I tend to start with a warm shower and stretch while under the water (I have a huge shower with a flat floor so this is no problem.) Then, I transition to cold water and wind up with the water all the way cold. Works for me, ymmv.


----------



## majbuzz (Nov 30, 2012)

I heard/read somewhere that the benefit of a cold soak after a ride diminishes the longer you wait after a ride. That being said, I usually just take a tepid shower or bath depending on how I feel when I get home (usually have to drive bike to areas that I ride unfortunately). Did the ice bath once and it was miserable as nbaffaro said.


----------



## Cartoscro (Sep 10, 2012)

As somebody that only rides 100-150 miles a week, any benefit of cold bath or shower would be negated by the sheer torture freezing my ass off. Soreness after a ride can feel good if you are in the right frame of mind.


----------



## AndrwSwitch (May 28, 2009)

When I'm being "good," I try to stretch after a workout. I think it helps me feel more relaxed, physically. I like a hottish shower, it feels good.
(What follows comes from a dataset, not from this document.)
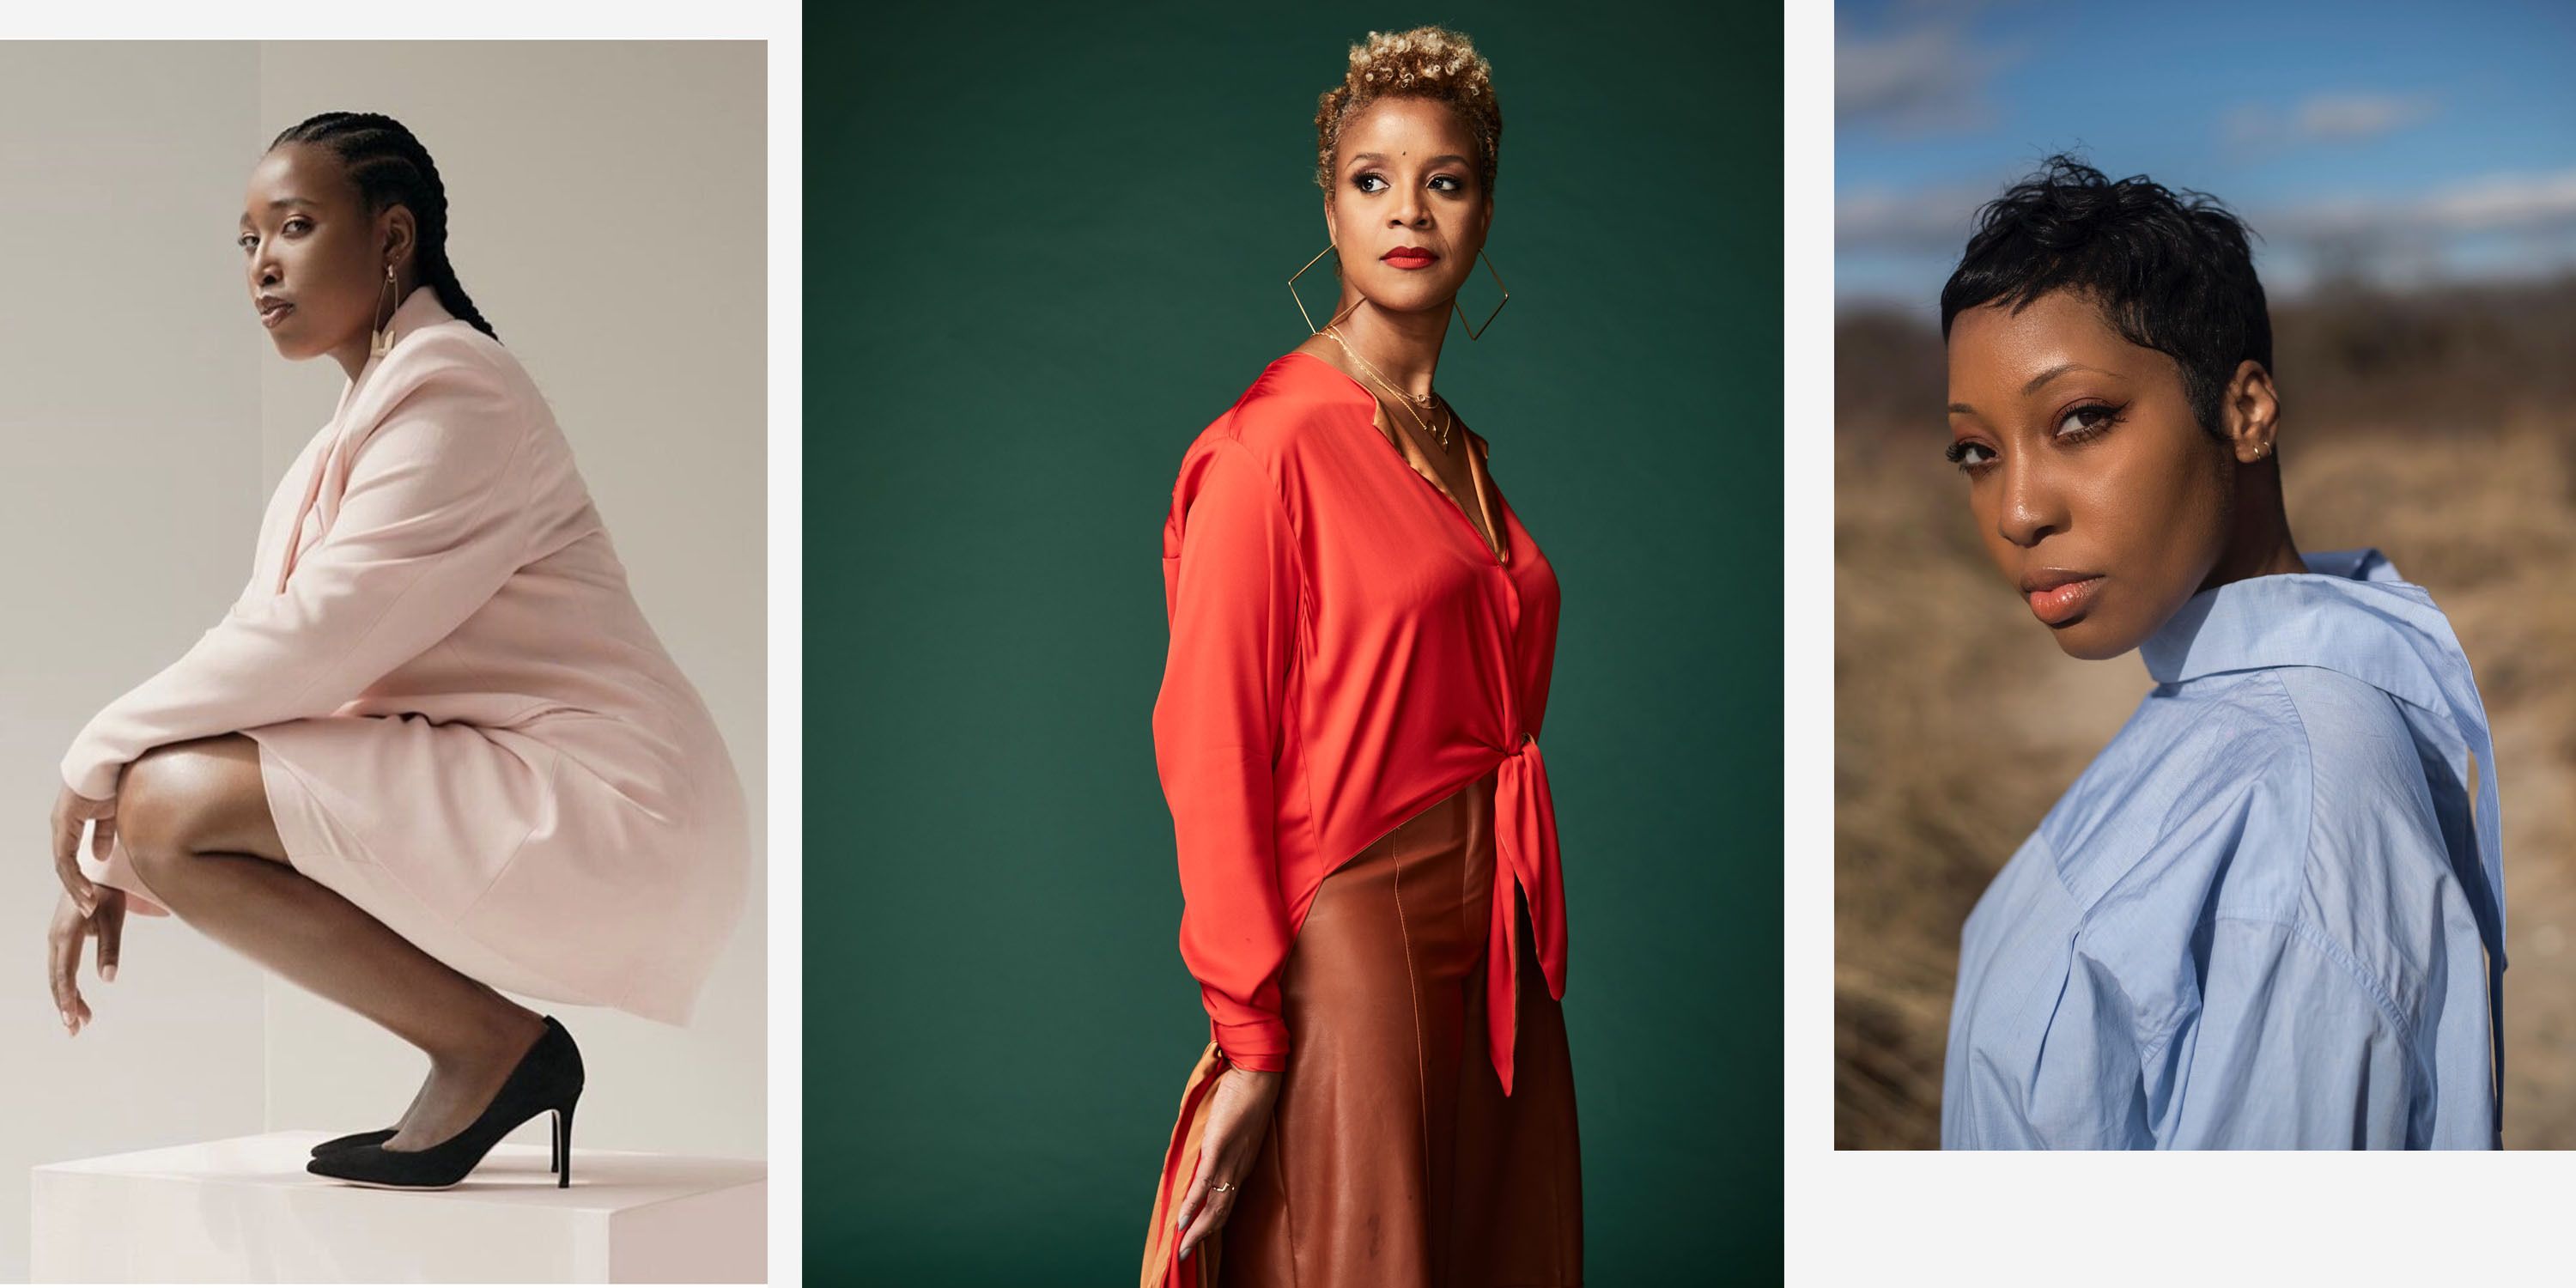 Fashion Designer Makes Risky Move to Add Black Lives Matter

I don't like to be cold, and I get that anyway in the winter.


----------



## adjtogo (Nov 18, 2006)

There would be absolutely no way I'd even consider taking an ice bath after a ride.
At the tail end of my ride, I do a cool down for a few miles, bringing my heart rate back down to 80-90 BPM. I pedal very slowly to ensure any lactic acid built up in my muscles goes down and I don't tighten up. Sometimes, I might only be going 7-9 mph and feel like I'm crawling, but this helps me get my breath back as well.

I change out immediately and put my clothes in the washer after I strip at the front door. After that, I put on a pair of shorts and workout shirt and take a slow walk to cool down. Sometimes, I'll pull out my hose and do a cool rinse off outside for a bit and then dry off. I live in hot and humid Florida, so nothing is dry when I get back from a ride. After that, I'll head to the shower if I'm completely dried. I tend to take a cool to a luke warm shower. The last thing I want is to be iced nor to be in a very hot shower.

I'll stay in the shower as long as needed until I feel clean and refreshed. Afterwards, I sit inside my centrally air conditioned house and enjoy a nice fruit smoothie or cold non-alcoholic drink and relax until I'm completely refreshed.


----------